# The paradox in calculating CSI numbers for 2000 coins

November 20, 2013 | Posted by scordova under Comp. Sci. / Eng., Complex Specified Information, News |

Having participated at UD for 8 years now, criticizing Darwinism and OOL over and over again for 8 years is like beating a dead horse for 8 years. We only dream up more clever and effective and creative ways to beat the dead horse of Darwinism, but it’s still beating a dead horse. It’s amazing we still have a readership that enjoys seeing the debates play out given we know which side will win the debates about Darwin…

Given this fact, I’ve turned to some other questions that have been of interest to me and readers. One question that remains outstanding (and may not ever have an answer) is how much information is in an artifact. This may not be as easy to answer as you think. For example if I take an uncompressed sound file that is 10 gigabits in size and subject it to various compression algorithms, I may come up with different results. One algorithm may come up with 5 gigabits, another 1 gigabits, and another 0.5 gigabits. What then is the size of the file?

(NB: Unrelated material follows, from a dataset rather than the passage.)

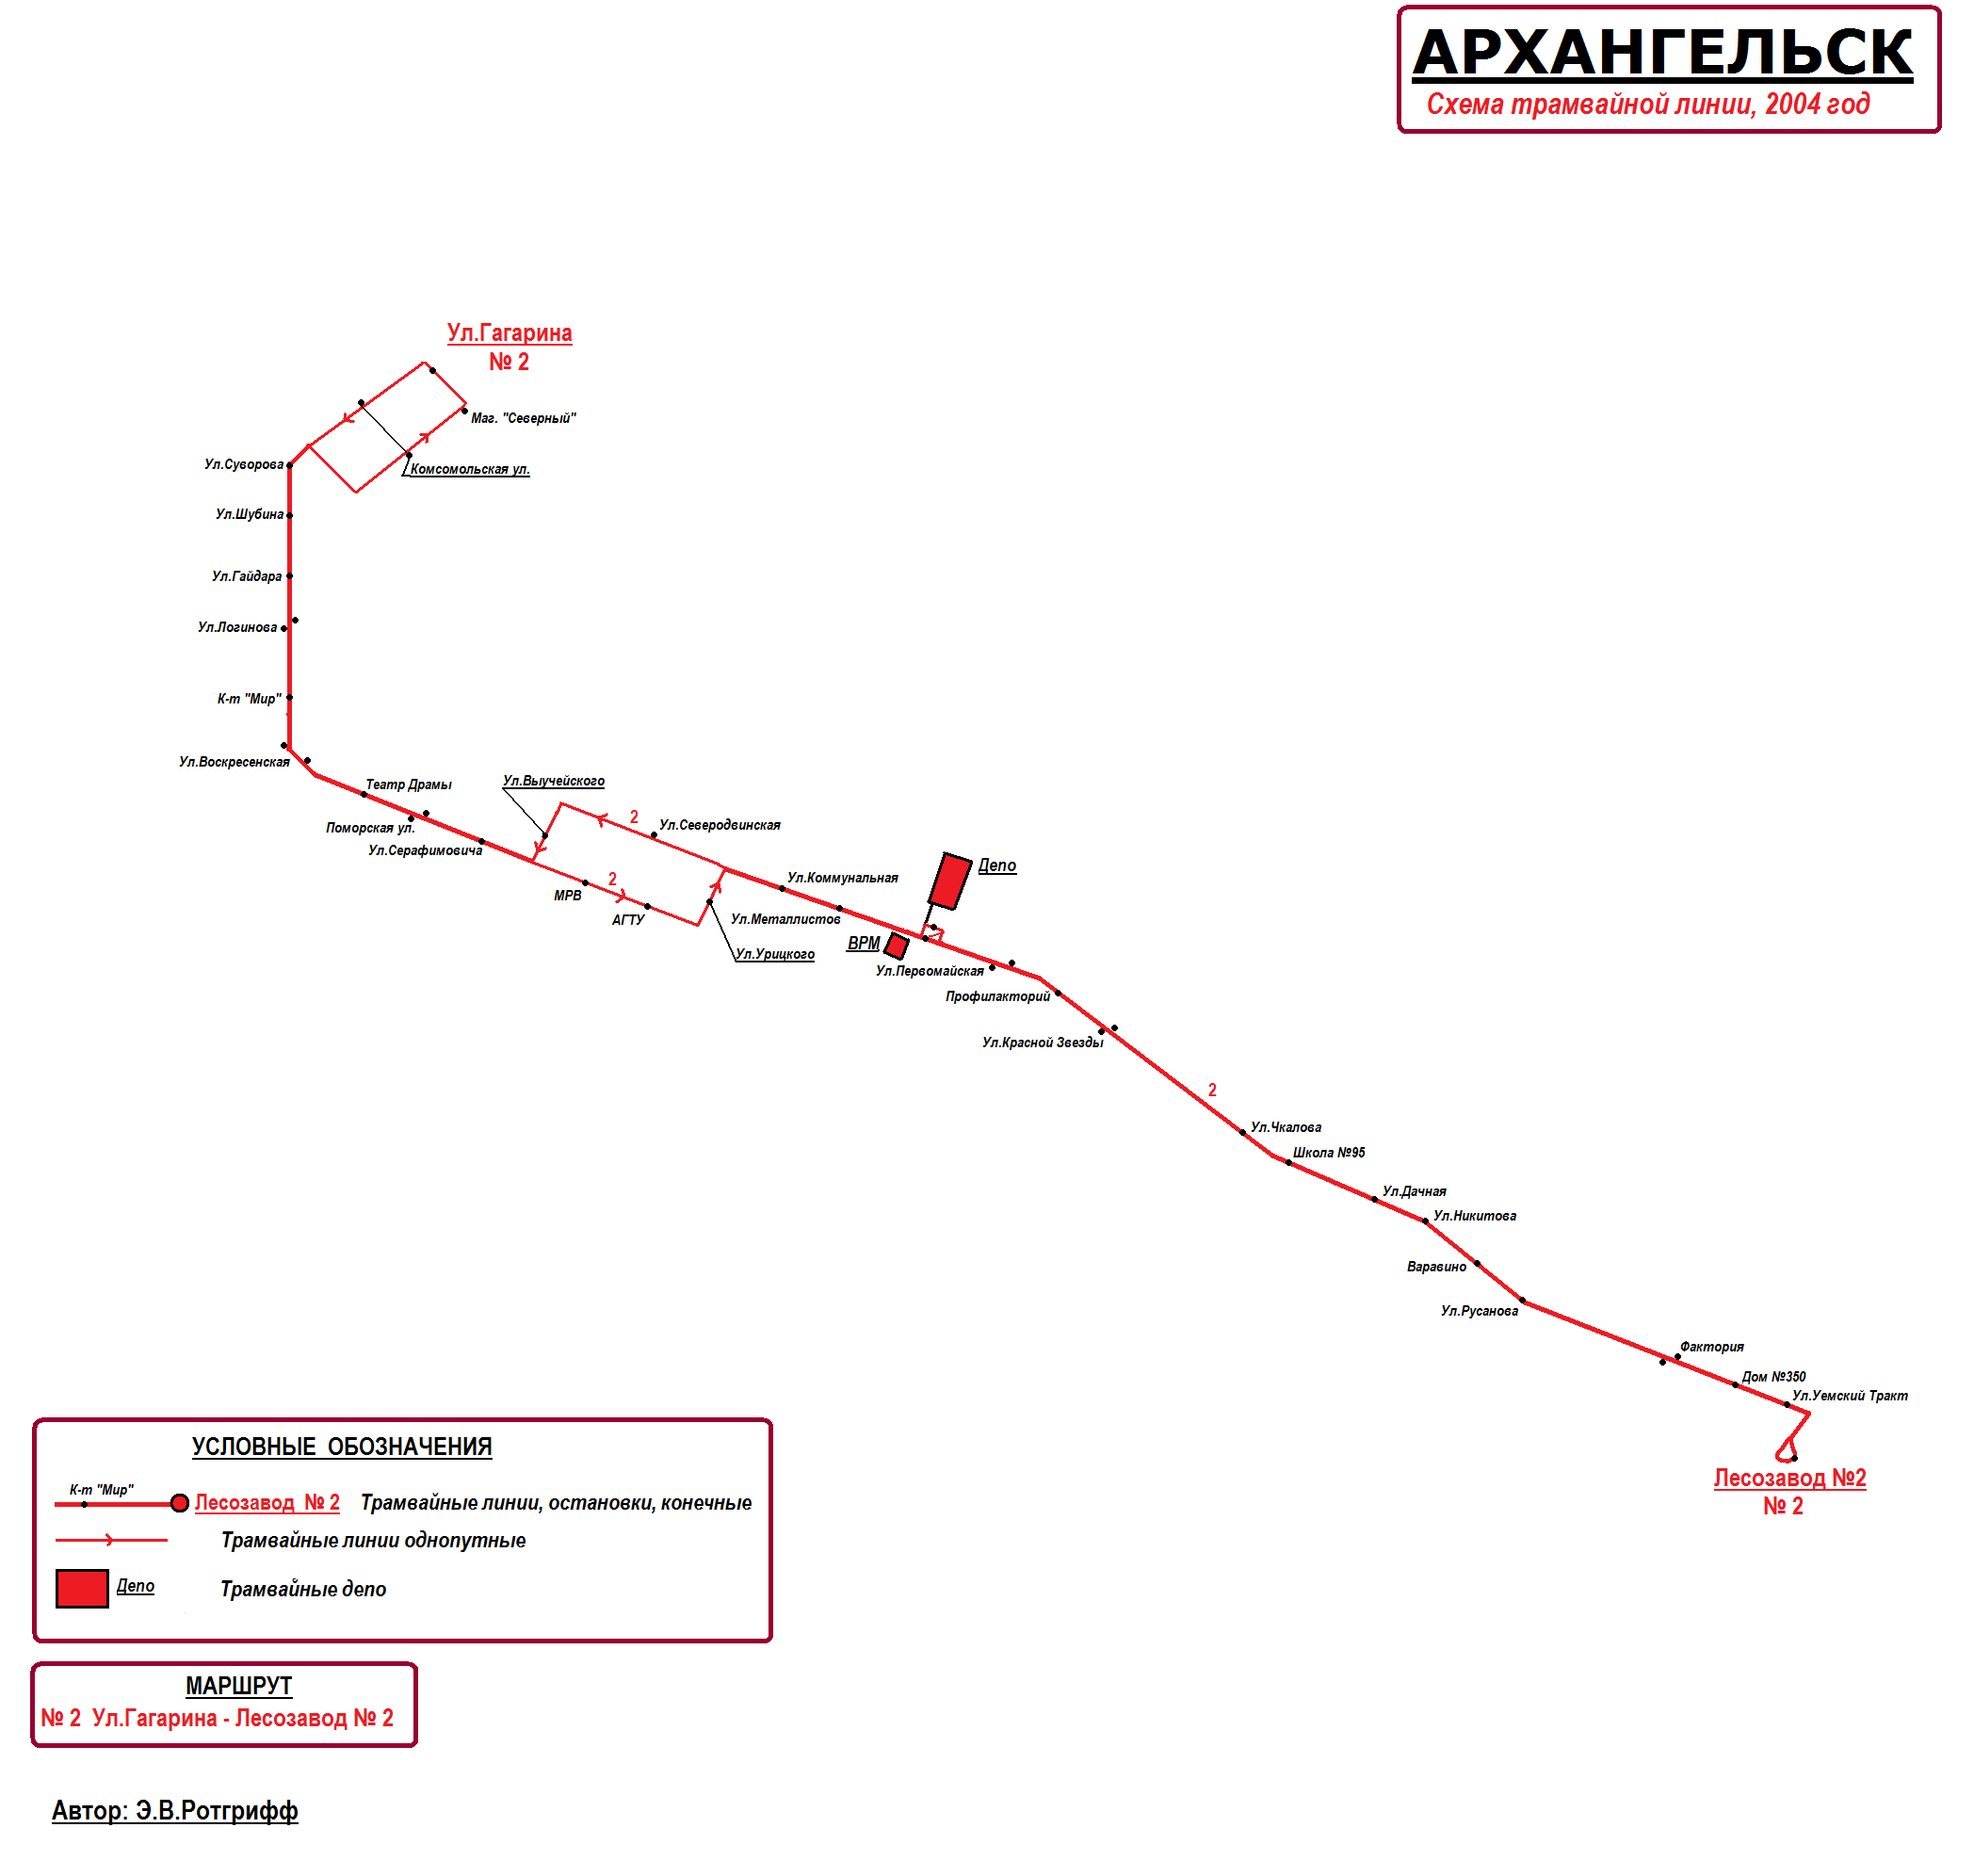 Arkhangelsk — Maps

How many bits of information are in the file given we can represent it in a variety of ways, all with differing numbers of bits.

Now, let us see how this enigma plays out for CSI. CSI is traditionally a measure of improbability since improbability arguments are at the heart of ID. Improbability can be related to the Shannon metric for information.

Suppose I have four sets of fair coins and each set of coins contains 500 fair coins. Let us label each set A, B, C, D.

Suppose further that each set of coins is all heads. We assert then then that CSI exists, and each set has 500 bits of CSI. So far so good, but the paradoxes will appear shortly.

If I asked, “what then is the total information content of the four sets of coins?” One might rightly say:

The total probability that all four sets of coins being heads is probability of all 2000 coins being heads, thus the probability is 2000 bits (1 out of 2^2000), and that is the amount of CSI collectively represented by all 4 sets of coins. The amount of CSI is 2000 bits.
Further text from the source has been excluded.